WHAT THIS TASK INVOLVES:
Please print, exactly as written, the line containing "10th Annual Dania Beach Pier Clean Up" and each line after it through the end of the material; pictures stay out.

RECORDED INFORMATION:
##########

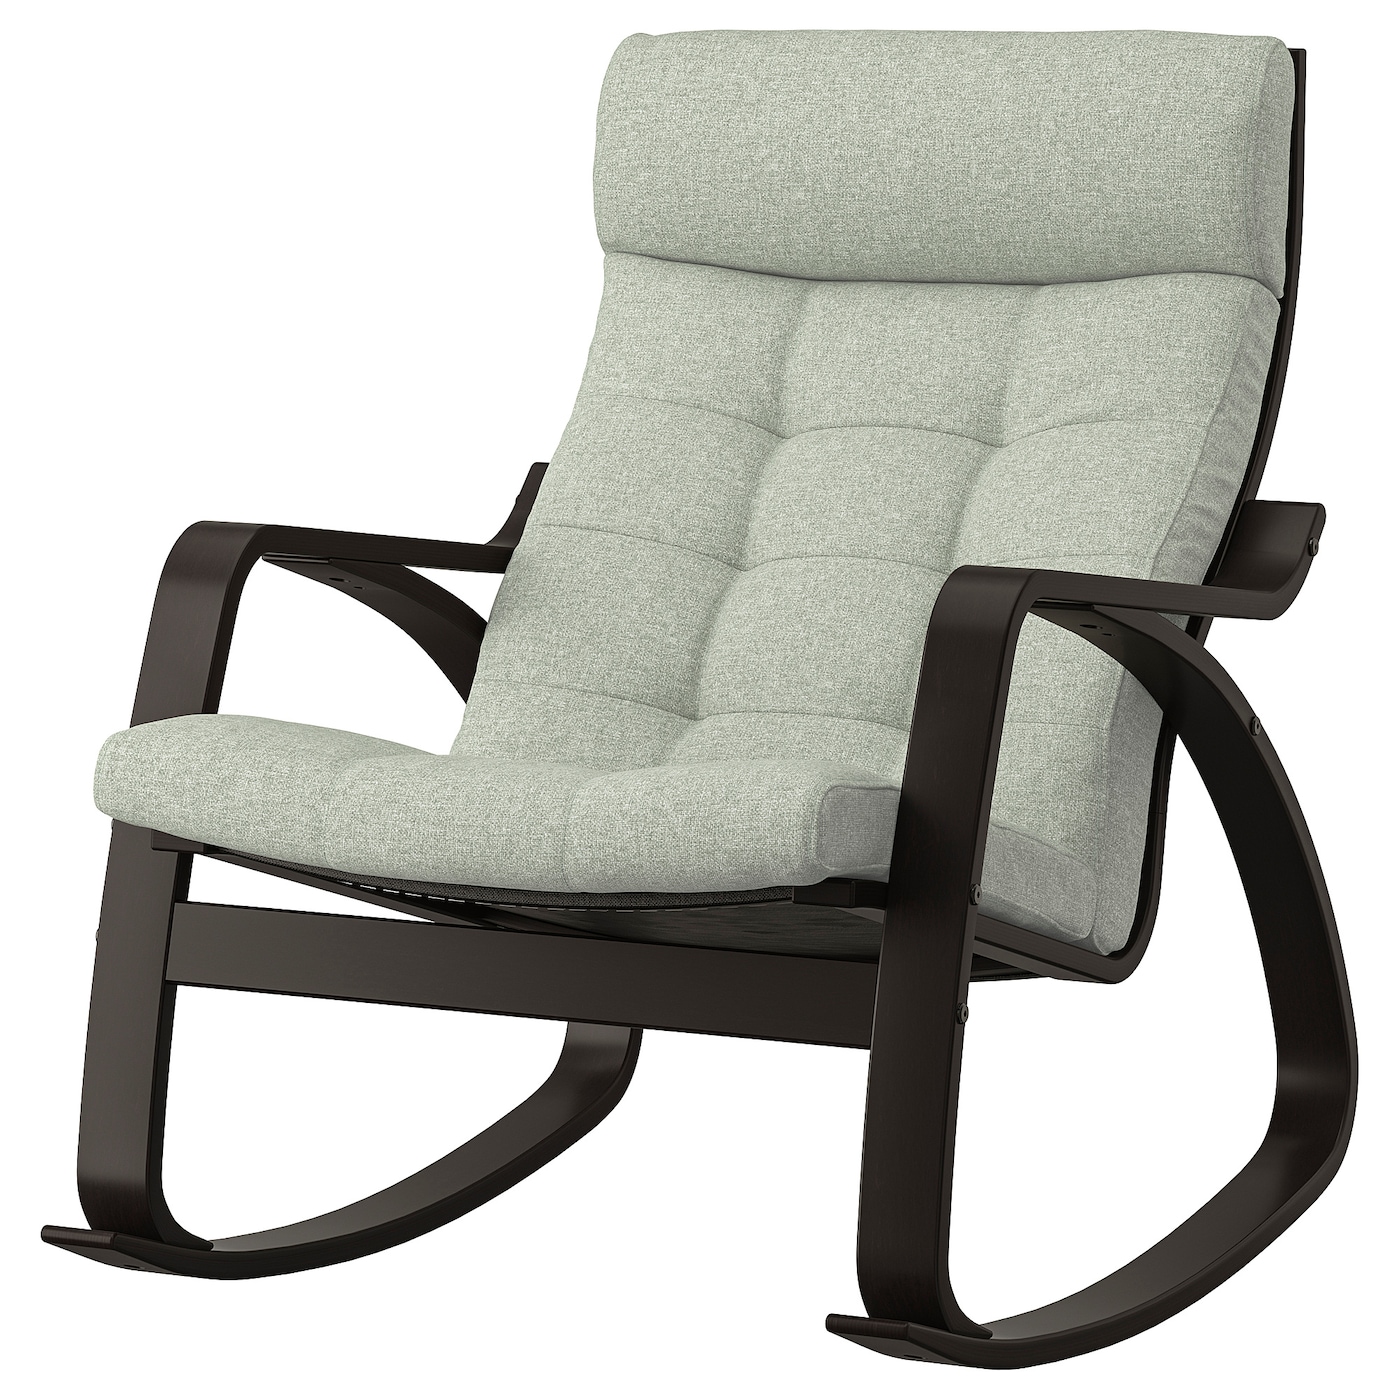 ПОЭНГ Кресло-качалка, черно-коричневый/Гуннаред светло-зеленый POÄNG IKEA детское кресло качалка lazychild детское кресло качалка умное кресло качалка с bluetooth левая и правая новая увеличенная подвесная корзина
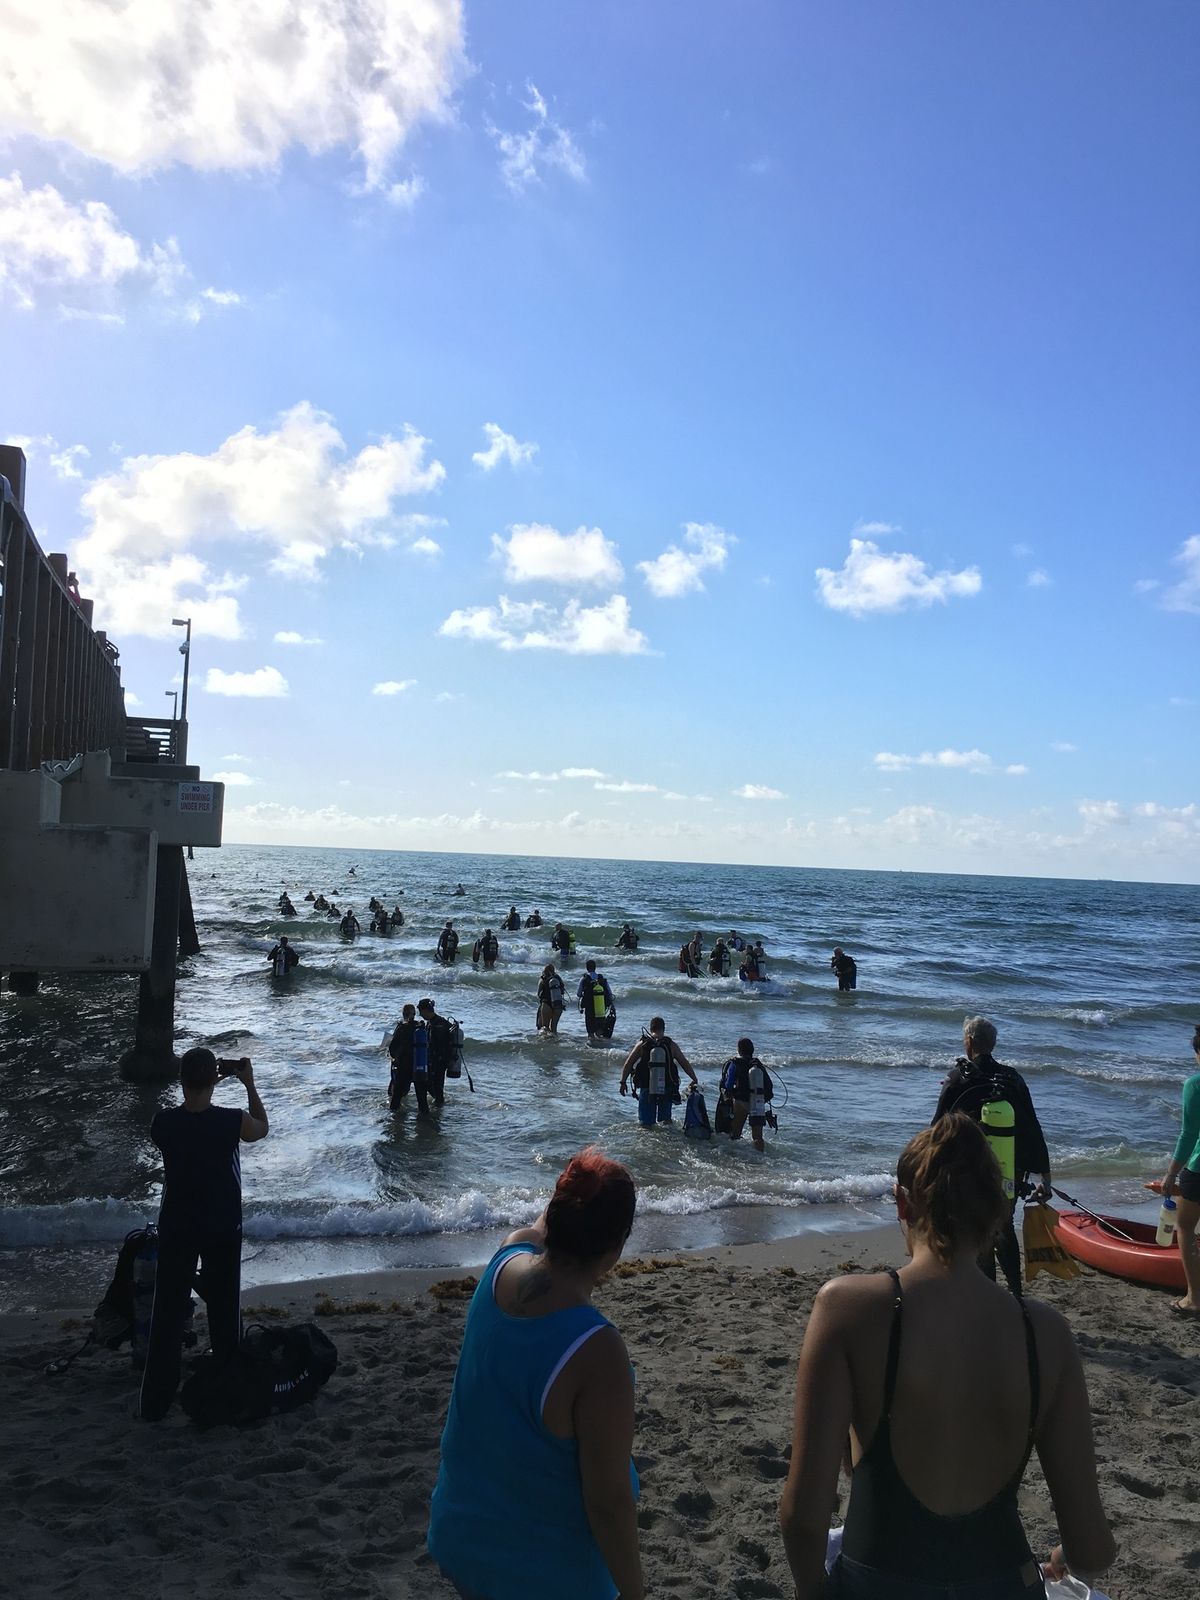 10th Annual Dania Beach Pier Clean Up
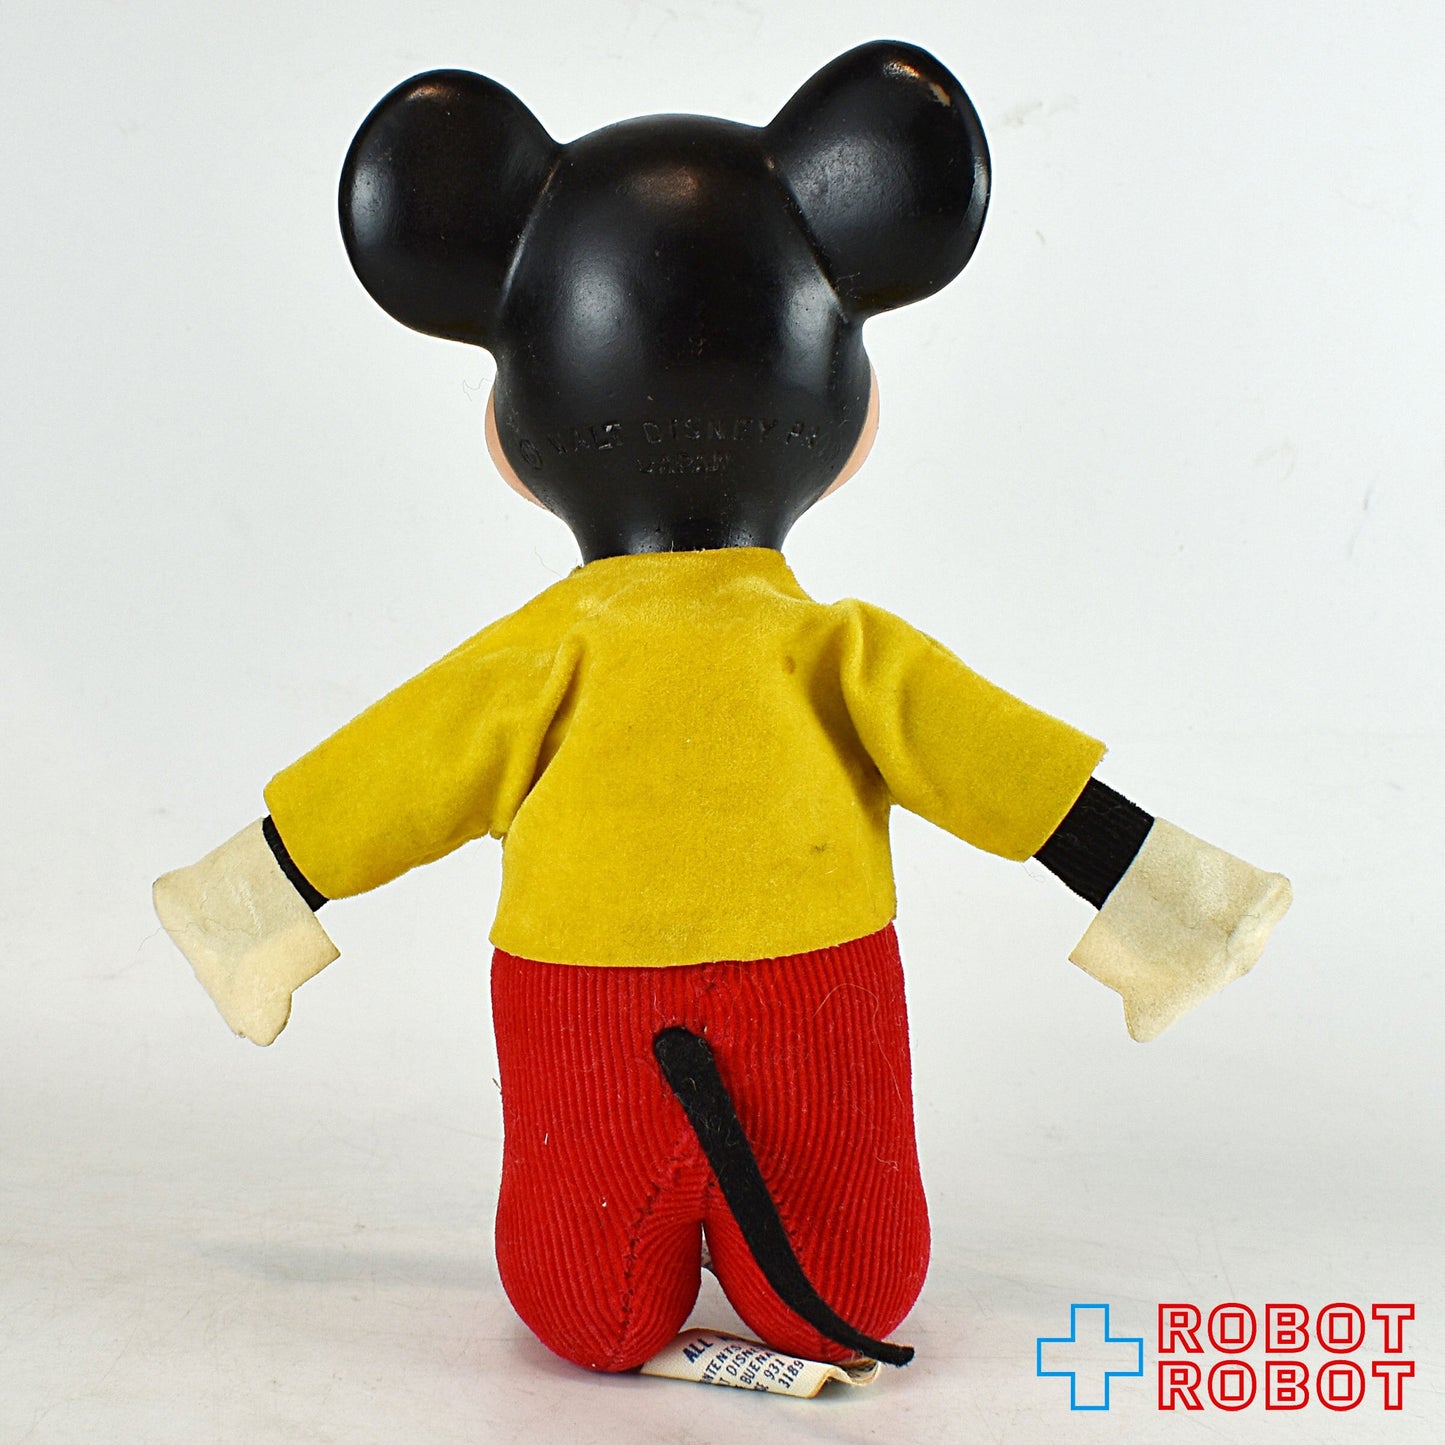 ウォルト・ディズニー ・ディストリビューティング ミッキーマウス おがくず人形 MADE IN JAPAN
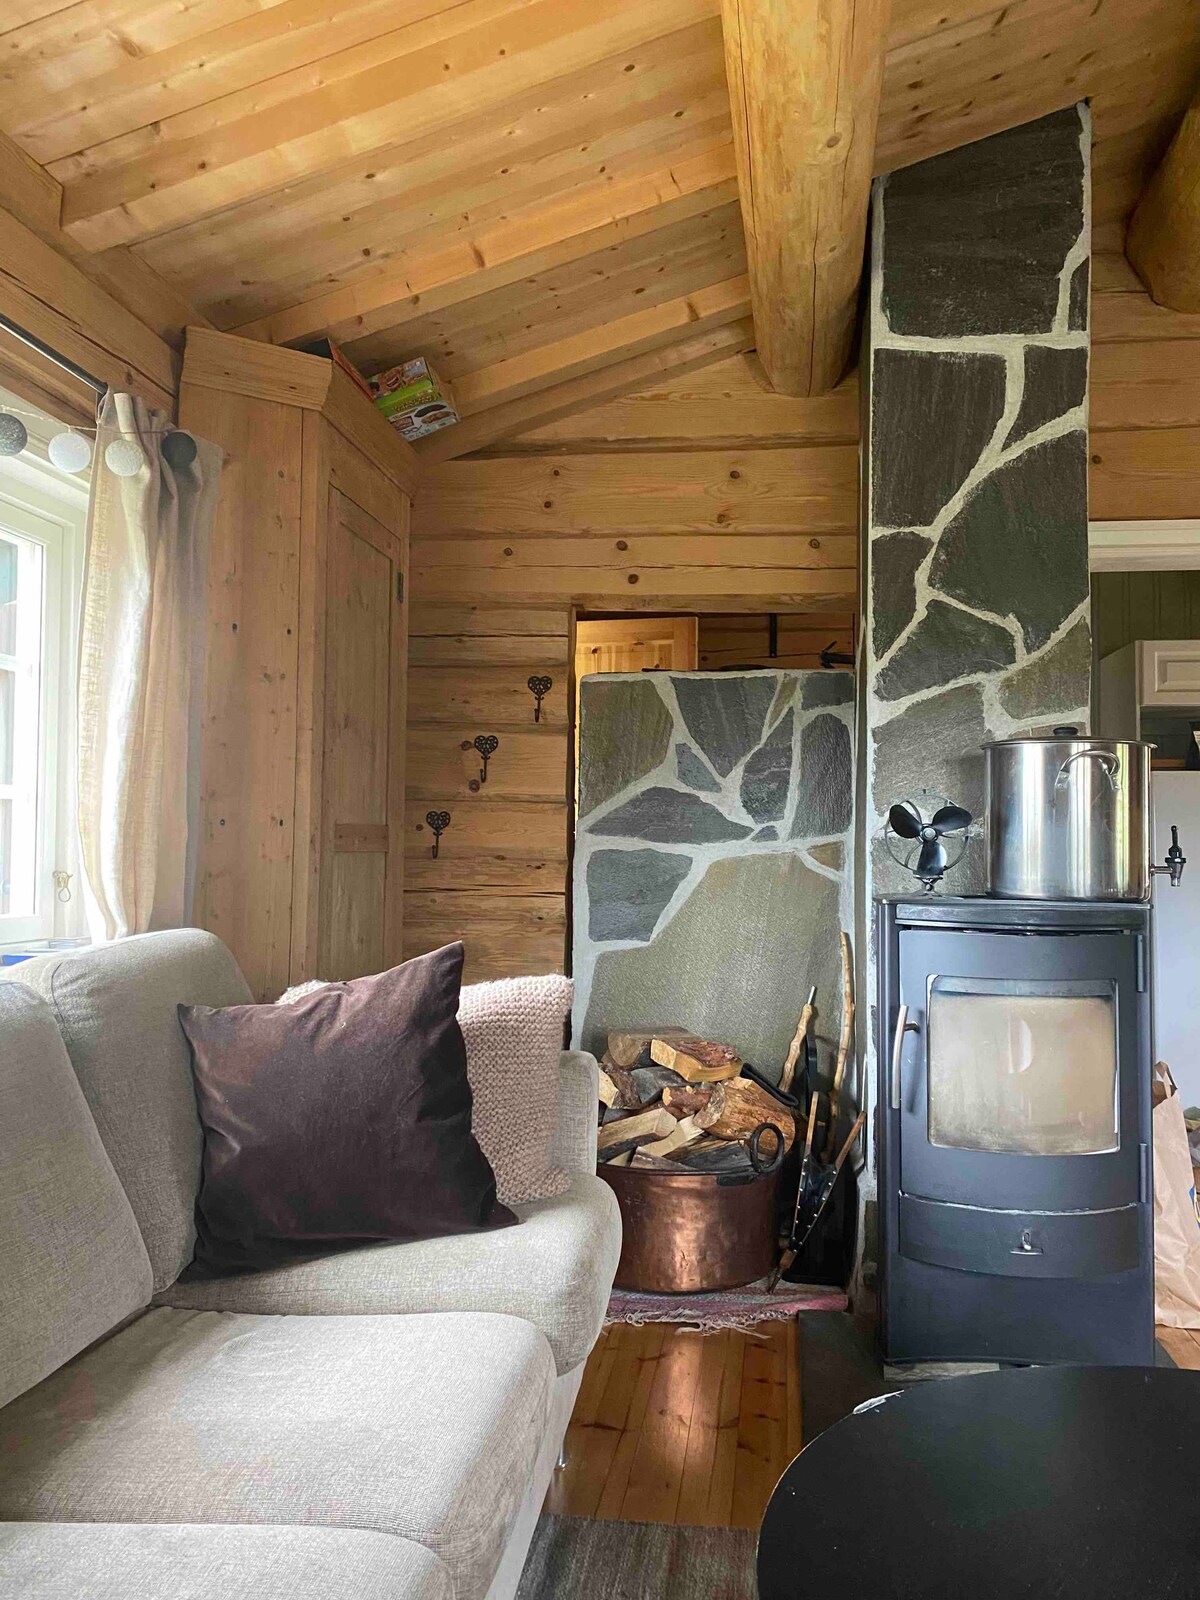 景观舒适的小木屋空间。

##########

SOLUTION TO THIS EXERCISE:
 10th Annual Dania Beach Pier Clean Up
 ウォルト・ディズニー ・ディストリビューティング ミッキーマウス おがくず人形 MADE IN JAPAN
 景观舒适的小木屋空间。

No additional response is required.